On the other hand, the joint material for tiles (Patent Document 1) and epoxy resin joint material containing alicyclic epoxy resin or the like as a binder component and the unitization of tiles (Patent Document 2) are proposed. However, once the epoxy resin joint material protrudes from the tile surface, wiping is still difficult, and much work is still required for cleaning after construction, and workability has not been improved sufficiently. .

  On the other hand, in addition to the resin joint material, a cement joint material in which cement, fine aggregate, or the like is mixed is known. A joint material can be formed by adding cement-based joint material with water and kneading it to form a slurry and filling the joint space such as stone.

JP 2010-43501 A JP-A-5-302424 JP 2001-301395 A

However, conventional cement-based joint materials such as fiber-reinforced polymer cement mortars are used for slopes of irrigation channels, dams, and artificial rock panels (Patent Document 3). In order to use it for joints on the outer and inner walls, it was desired to improve durability.
In addition, since cement-based joint materials are required to reduce the amount of water absorption, a predetermined amount of polymer is blended. Generally, however, if too much polymer is added, the joints are easily soiled, and the outer and inner walls of the building are contaminated. When used, there is a problem that it is difficult to wipe off the joint material that protrudes from the tile surface after construction.
Therefore, the subject of this invention exists in provision of the joint material for constructions which was excellent in workability | operativity, the wiping property after construction, and durability, and the water absorption amount was reduced.

  Therefore, as a result of intensive studies, the present inventors have determined that a specific mass ratio of alkali-resistant fiber and polymer to cement, fine aggregate, water retention agent, high performance water reducing agent or high performance AE water reducing agent, and water repellent agent. It was found that by containing it in the construction, a joint material for construction having excellent workability, wiping property after construction and durability and reduced water absorption can be obtained.

  That is, the present invention includes (A) cement, (B) fine aggregate, (C) water retention agent, (D) high-performance water reducing agent or high-performance AE water reducing agent, (E) water repellent, and (F) alkali resistance. Construction joint material containing fiber and (G) polymer and having a mass ratio [component (F) / component (G)] of component (F) to component (G) of 0.25 to 1.6 Is to provide.

  ADVANTAGE OF THE INVENTION According to this invention, the joint material for construction which was excellent in construction property, the wiping property after construction, and durability, and the water absorption amount was reduced can be provided.

  The joint material for building of the present invention contains the components (A) to (G).

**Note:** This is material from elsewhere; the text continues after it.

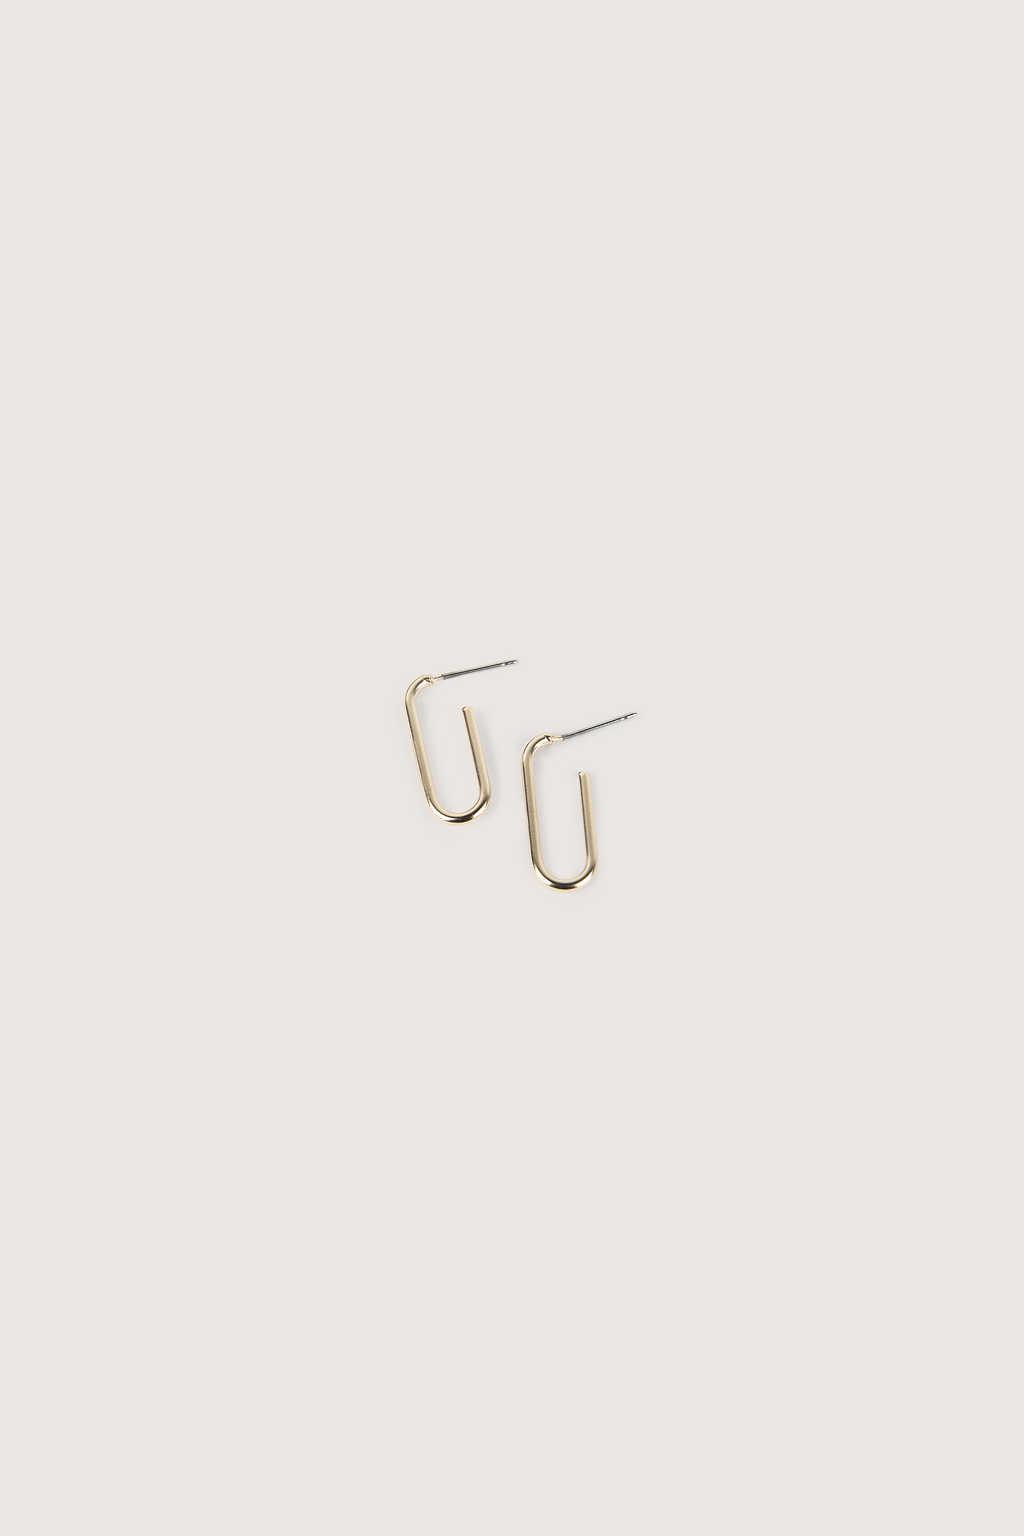 Earring H244 Gold 1

First, these components will be described in detail.

<(A) Cement>
The cement of component (A) is not particularly limited, but portland cement such as ordinary Portland cement, early-strength Portland cement, ultra-early strength Portland cement, medium heat Portland cement, low heat Portland cement, sulfate-resistant Portland cement; white cement Alumina cement blast furnace cement; fly ash cement; silica cement; ultrafast cement, etc., which can be used alone or in combination of two or more. Among these, Portland cement and white cement are preferable, and white cement is particularly preferable from the viewpoint of the appearance of the joint.

<(B) Fine aggregate>
Examples of the fine aggregate of component (B) include quartz sand, limestone (lime sand, cryogenic stone), river sand, mountain sand, sea sand, crushed sand, etc., but blast furnace quenching slag aggregate, blast furnace slow cooling slag aggregate, Sewage sludge slag or municipal waste slag finely pulverized may be used. Moreover, these can be used individually or in combination of 2 or more types. Among these, silica sand, limestone (lime sand, cold water stone), river sand, mountain sand, sea sand, and crushed sand are preferable, silica sand and limestone are more preferable, and a combination of silica sand and limestone is particularly preferable.

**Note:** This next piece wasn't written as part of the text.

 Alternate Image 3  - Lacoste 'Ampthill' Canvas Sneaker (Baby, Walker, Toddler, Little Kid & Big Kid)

The maximum particle size of the fine aggregate is preferably 600 μm or less, more preferably 300 to 600 μm. The maximum particle size can be measured by a sieve separation test using a standard mesh sieve of JISZ8801.
Moreover, as a component (B), what contains 15-70 mass% of fine aggregates with a maximum particle size of 88 micrometers or less is preferable.

As content of the said fine aggregate, 100-500 mass parts is preferable with respect to 100 mass parts of component (A) from the point of workability, wiping property, and suppression of a crack, 125-450 mass parts is more preferable, 150-400 mass parts is more preferable, 200-375 mass parts is more preferable, 210-350 mass parts is further more preferable, and 255-300 mass parts is especially preferable.
When the combination of silica sand and limestone is used as the fine aggregate, the mass ratio of limestone to silica sand [limestone / silica sand] is preferably 0.1 to 5, and 1.8 to 2.5. Particularly preferred.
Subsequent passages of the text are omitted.